DATASET SECTION
········

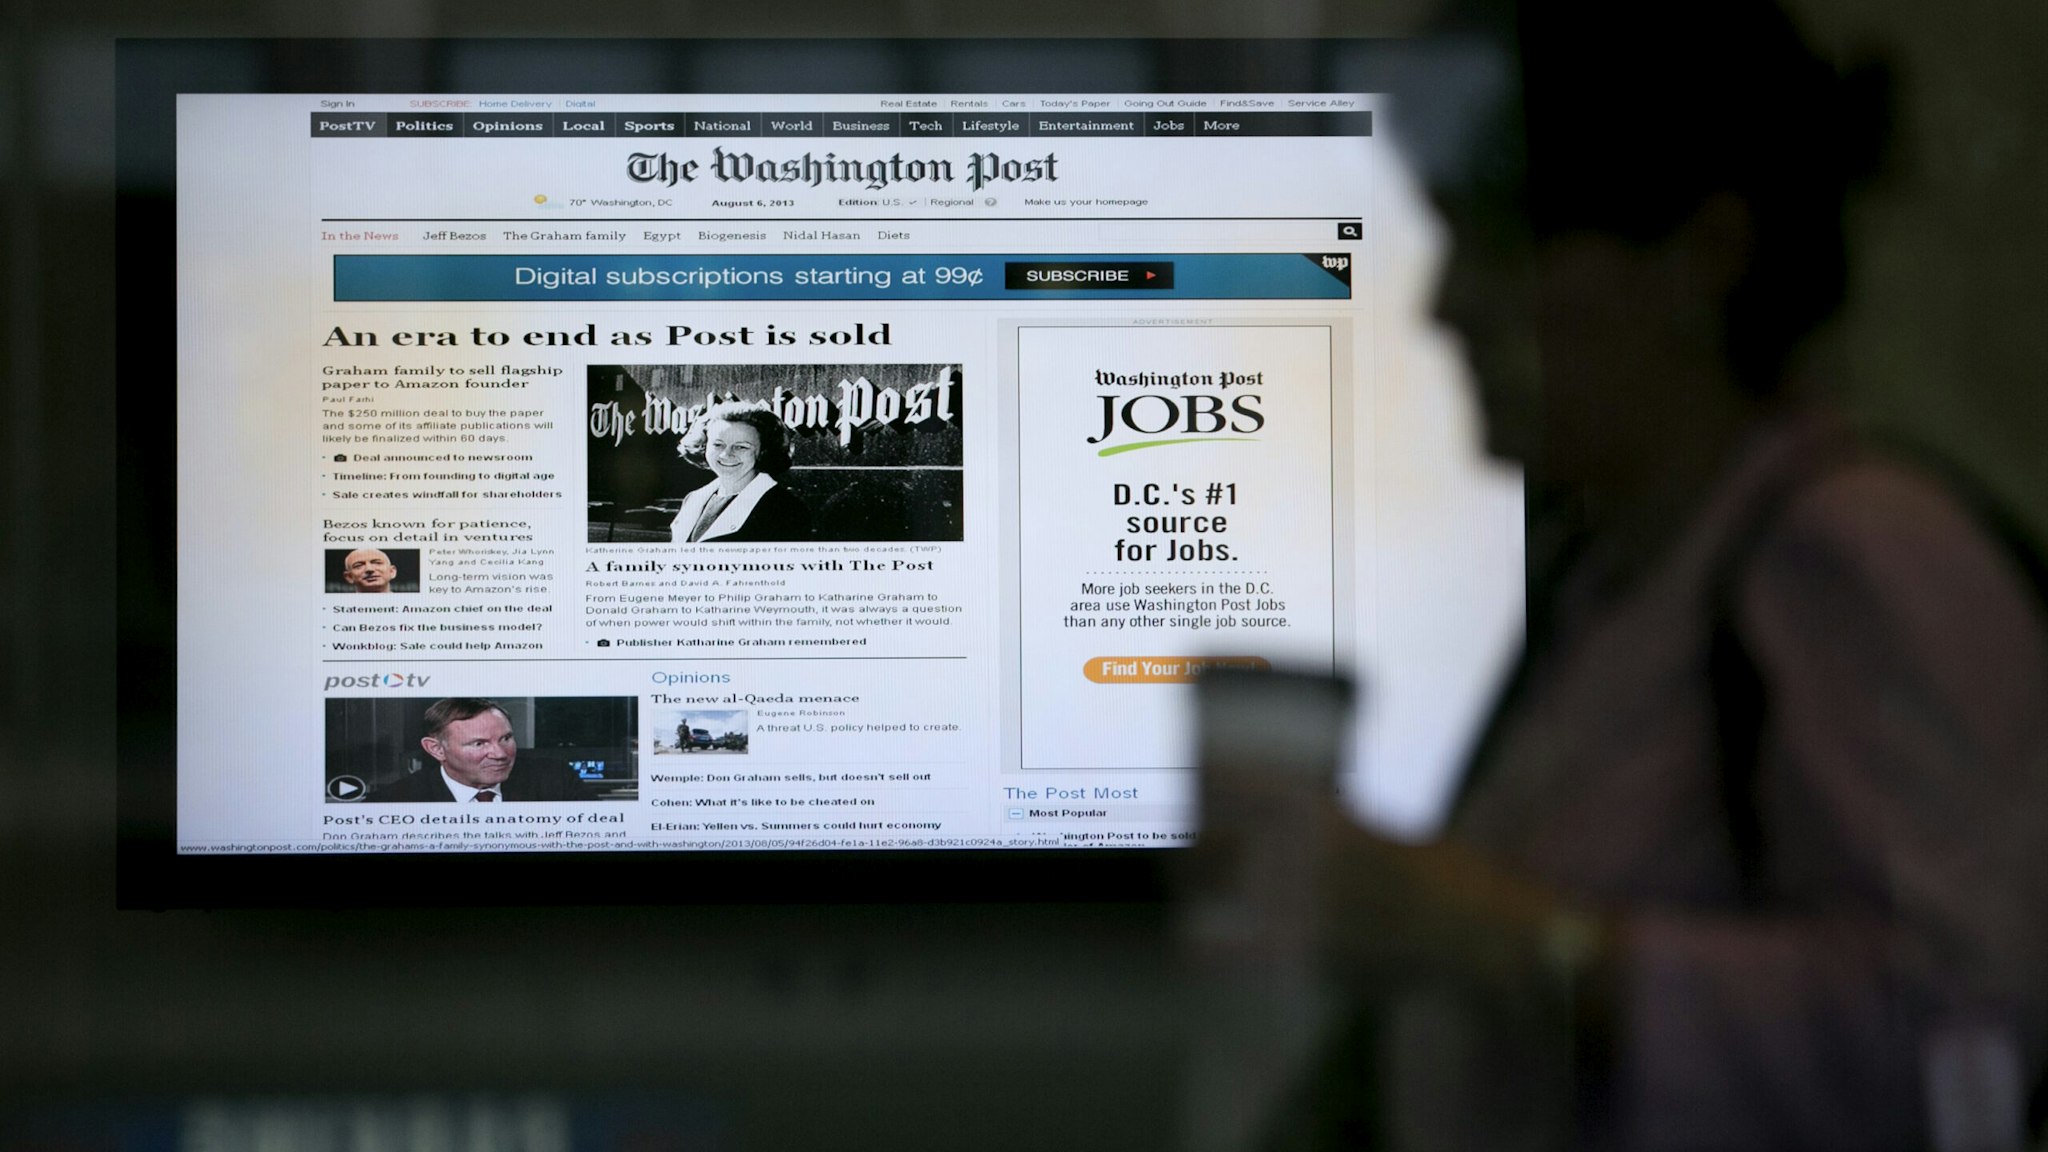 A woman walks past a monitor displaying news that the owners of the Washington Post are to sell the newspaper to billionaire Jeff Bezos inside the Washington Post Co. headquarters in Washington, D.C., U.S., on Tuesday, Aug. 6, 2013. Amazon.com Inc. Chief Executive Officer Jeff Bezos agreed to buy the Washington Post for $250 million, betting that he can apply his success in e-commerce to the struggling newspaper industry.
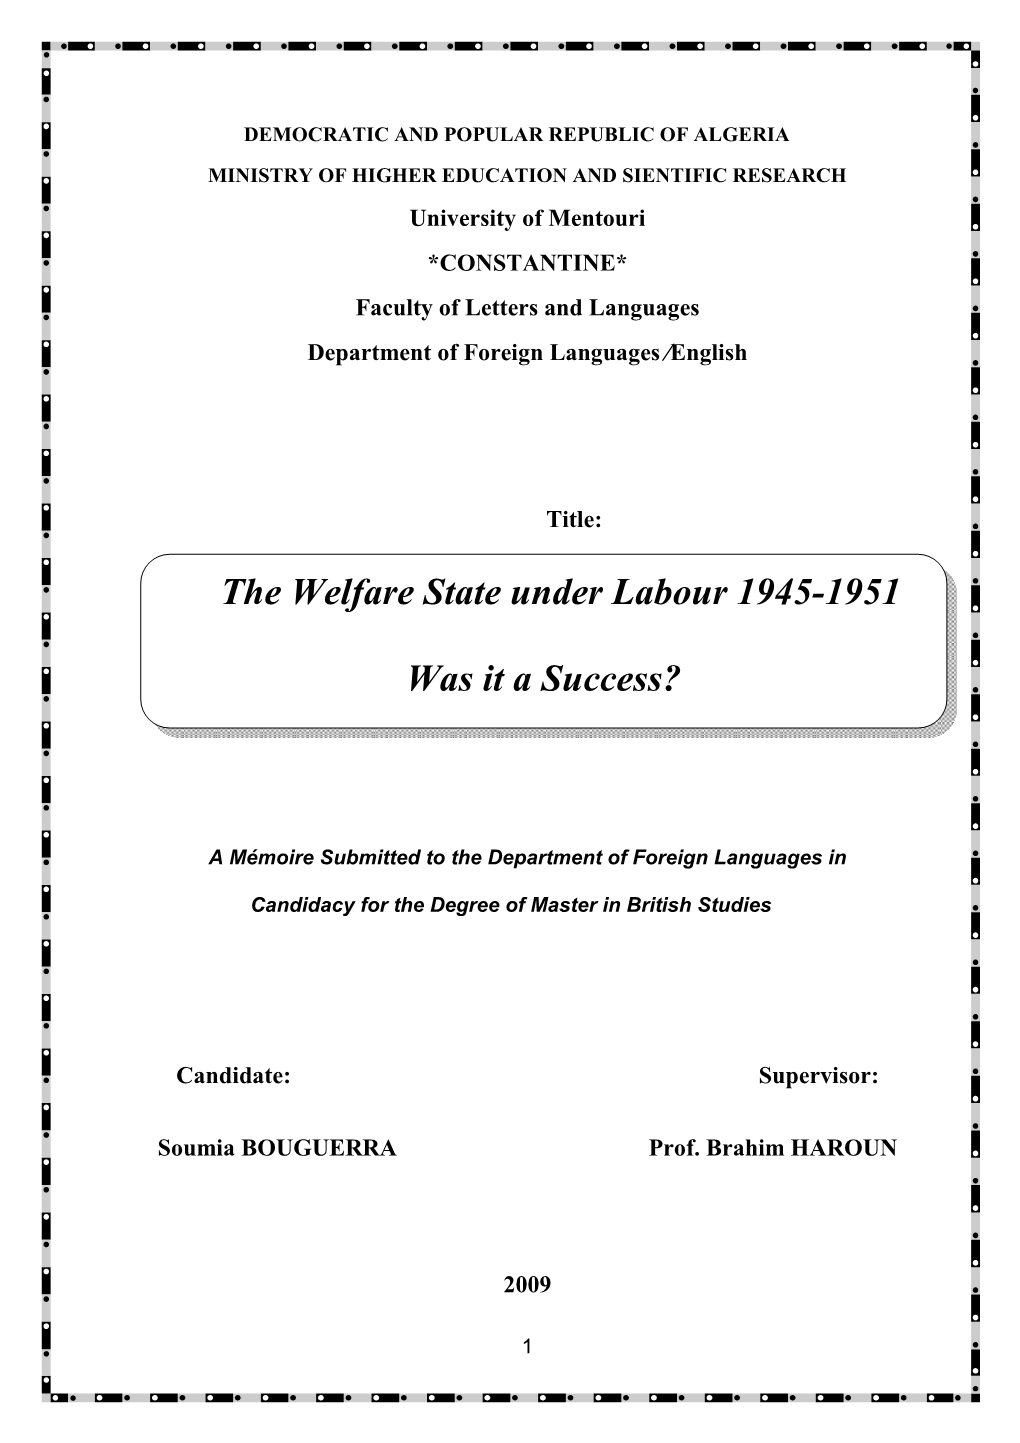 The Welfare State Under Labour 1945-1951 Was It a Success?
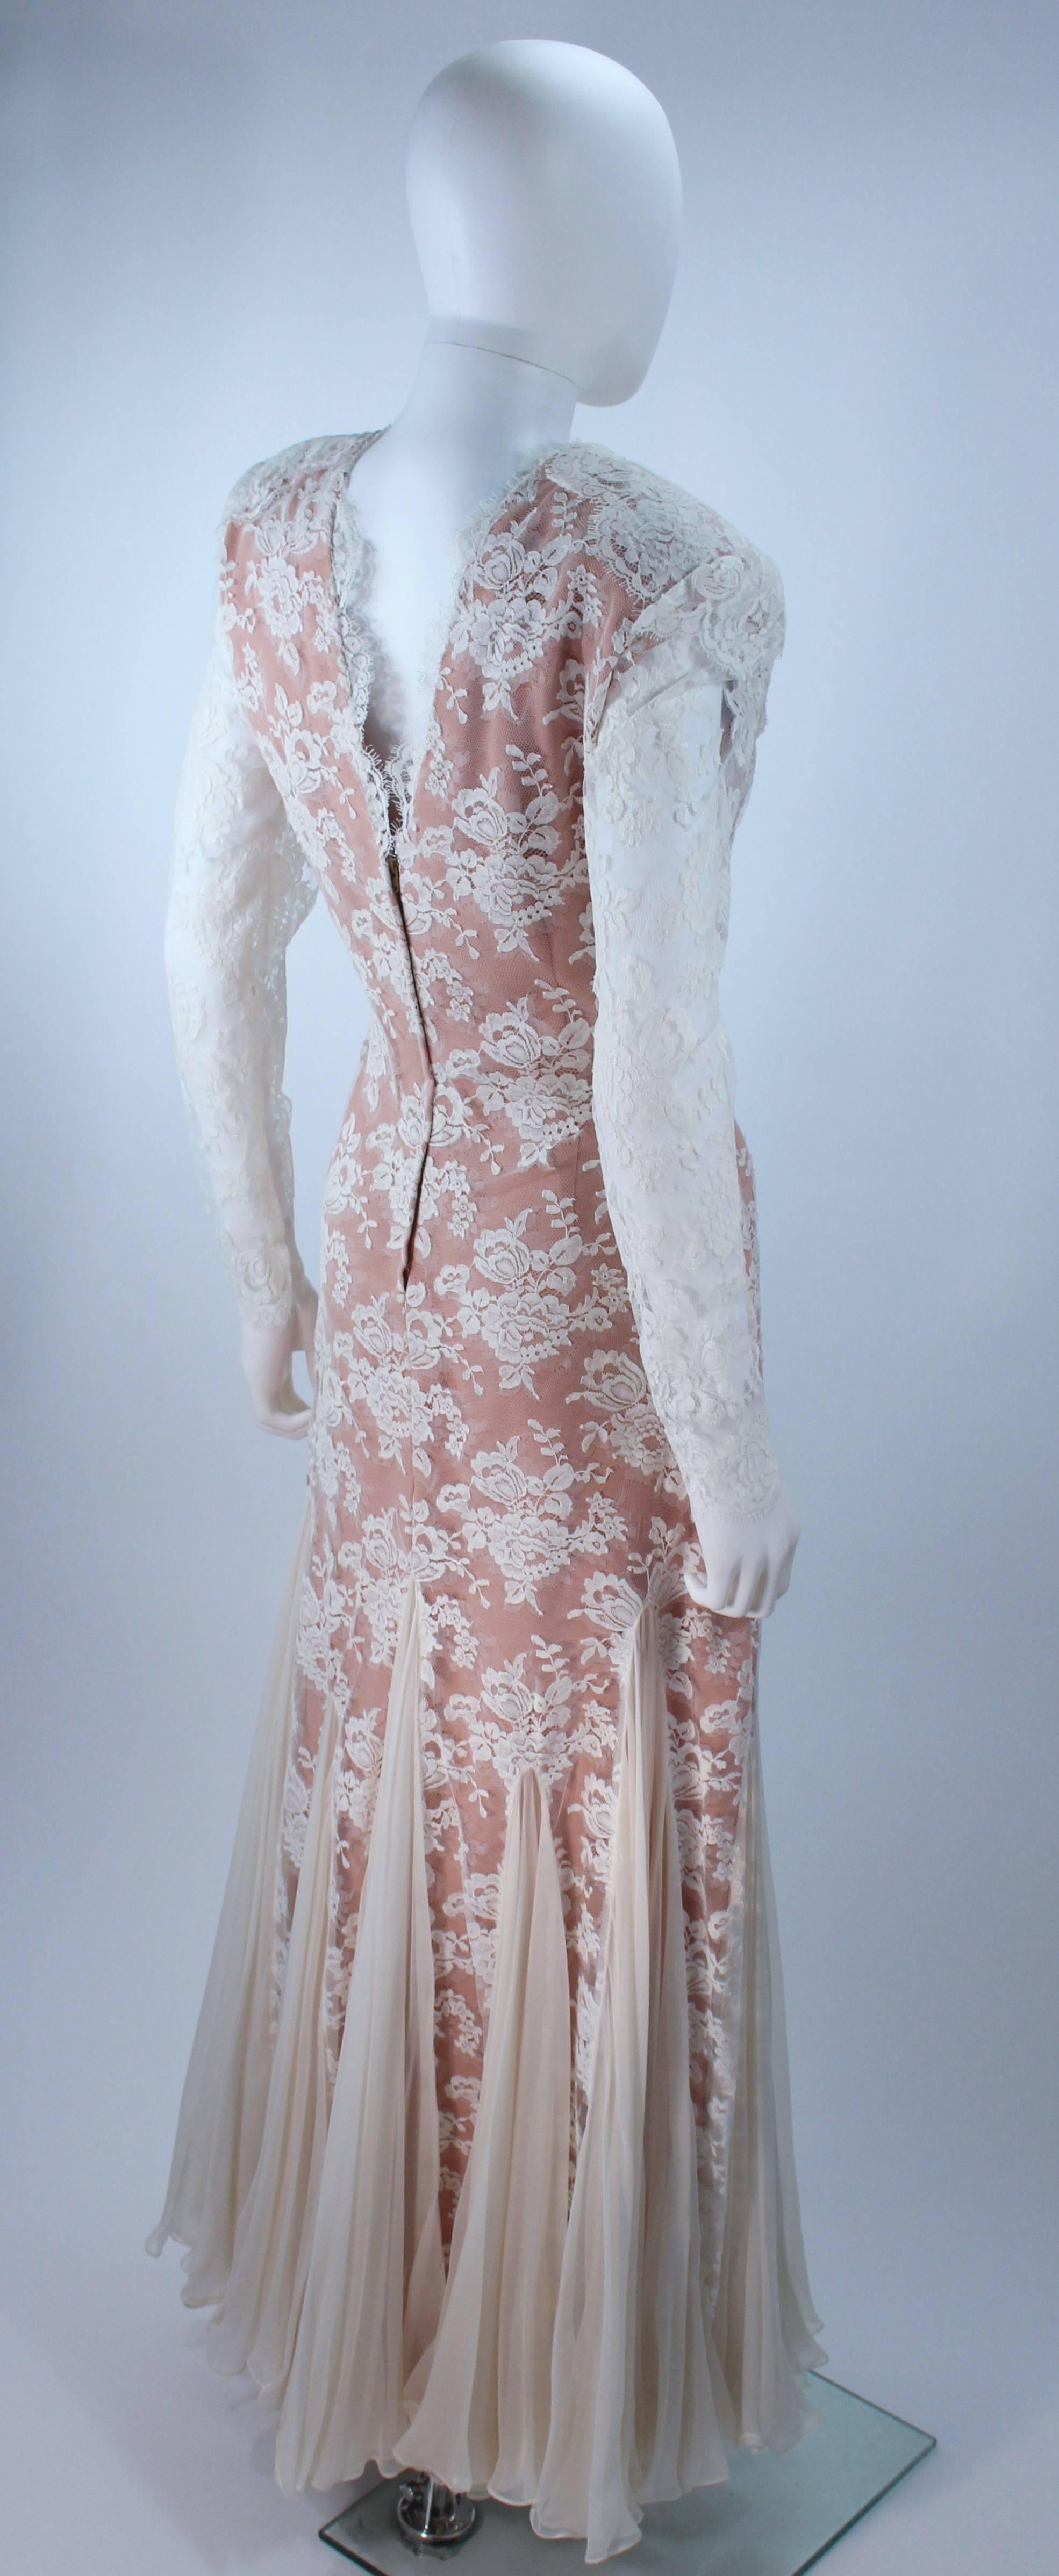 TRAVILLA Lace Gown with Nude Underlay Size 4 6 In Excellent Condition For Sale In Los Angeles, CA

········

TASK GOAL
Everything in the data except the pictures must appear in your answer unchanged.

THE COMPLETED TASK
 A woman walks past a monitor displaying news that the owners of the Washington Post are to sell the newspaper to billionaire Jeff Bezos inside the Washington Post Co. headquarters in Washington, D.C., U.S., on Tuesday, Aug. 6, 2013. Amazon.com Inc. Chief Executive Officer Jeff Bezos agreed to buy the Washington Post for $250 million, betting that he can apply his success in e-commerce to the struggling newspaper industry.
 The Welfare State Under Labour 1945-1951 Was It a Success?
 TRAVILLA Lace Gown with Nude Underlay Size 4 6 In Excellent Condition For Sale In Los Angeles, CA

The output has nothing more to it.